Greetings from The Martian Arctic — Wish You Were Here!
Lynn M. Savage
When the first images from the Phoenix mission to Mars were sent to Earth, they arrived at the European Space Agency’s Space Operations Centre in Darmstadt, Germany. For more than two months, the lander and its suite of imagers and optical and atomic force microscopes have confirmed the presence of water ice on the rusty planet and have sparked people’s imagination once again that some form of life may have — or still does — exist on our neighbour world.
This panorama mosaic of images taken by the Surface Stereo Imager records the midnight sun during days 46 to 56 of the mission. Each day, the sun’s path became slightly lower over the northern horizon, causing the lack of smoothness in the curve. Because of its similarity to time-lapse pictures taken above the Arctic Circle on Earth, the panoramic image captures the polar nature of the Phoenix mission. Courtesy of NASA/Jet Propulsion Laboratory-Caltech/University of Arizona/Texas A&M University.

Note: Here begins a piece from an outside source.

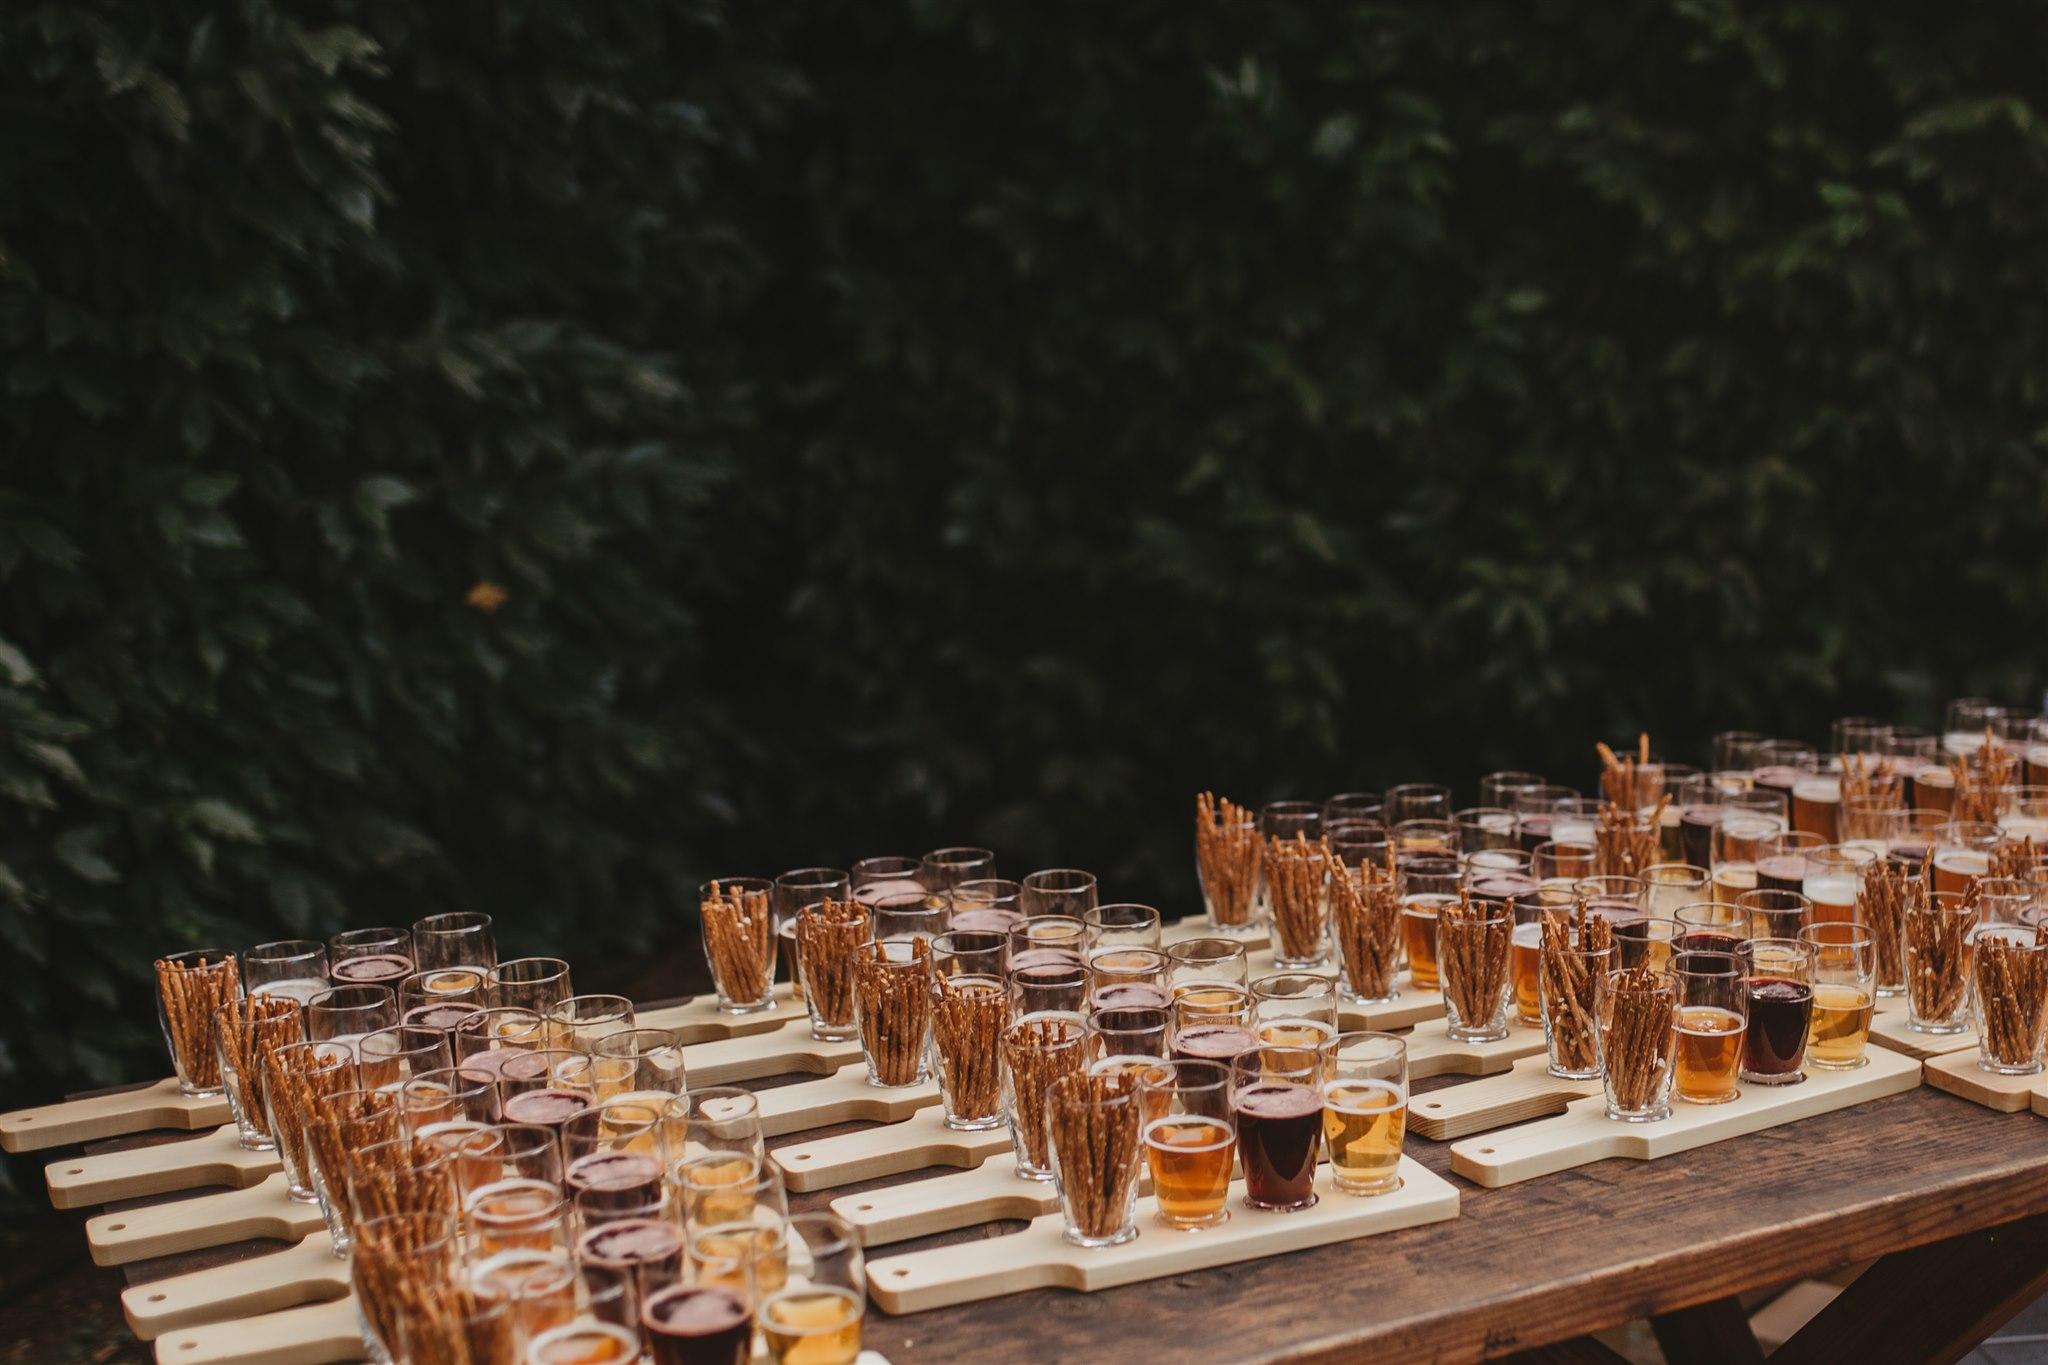 brittany-nathan-indwell-wedding-939.jpg

The Surface Stereo Imager aboard the Phoenix lander on Mars imaged trenches dug as of July 31, 2008 (dubbed “Dodo-Goldilocks” and “Snow White”), as well as two more areas designated for future digging (“Cupboard” and “Neverland”). The outlines show the anticipated reach of the lander’s robotic arm (RA). Courtesy of NASA/Jet Propulsion Laboratory-Caltech/University of Arizona/Texas A&M University.
(Left) A close-up image of the trench named “Snow White” was acquired after a series of scrapings by the lander’s robotic arm on the 58th Martian day after the Phoenix landed. The trench is about 9 in. wide, 24 in. long and 2 in. deep. (Right) Two days later, the lander used a rasp on the back of the robotic arm’s scoop to break through a hard layer at the trench bottom. Most of the holes left by a four-by-four array of rasp placements are visible in the centre of the approximately true colour image. The scoop removed about 3 cm3 of material for analysis. Courtesy of NASA/Jet Propulsion Laboratory-Caltech/University of Arizona/Texas A&M University.
Earlier in the mission, the Surface Stereo Imager found lumps of ice in the lower-left corner of the “Dodo-Goldilocks” trench. The lumps subsequently sublimated over the course of four days, ultimately disappearing altogether. Courtesy of NASA/Jet Propulsion Laboratory-Caltech/University of Arizona/Texas A&M University.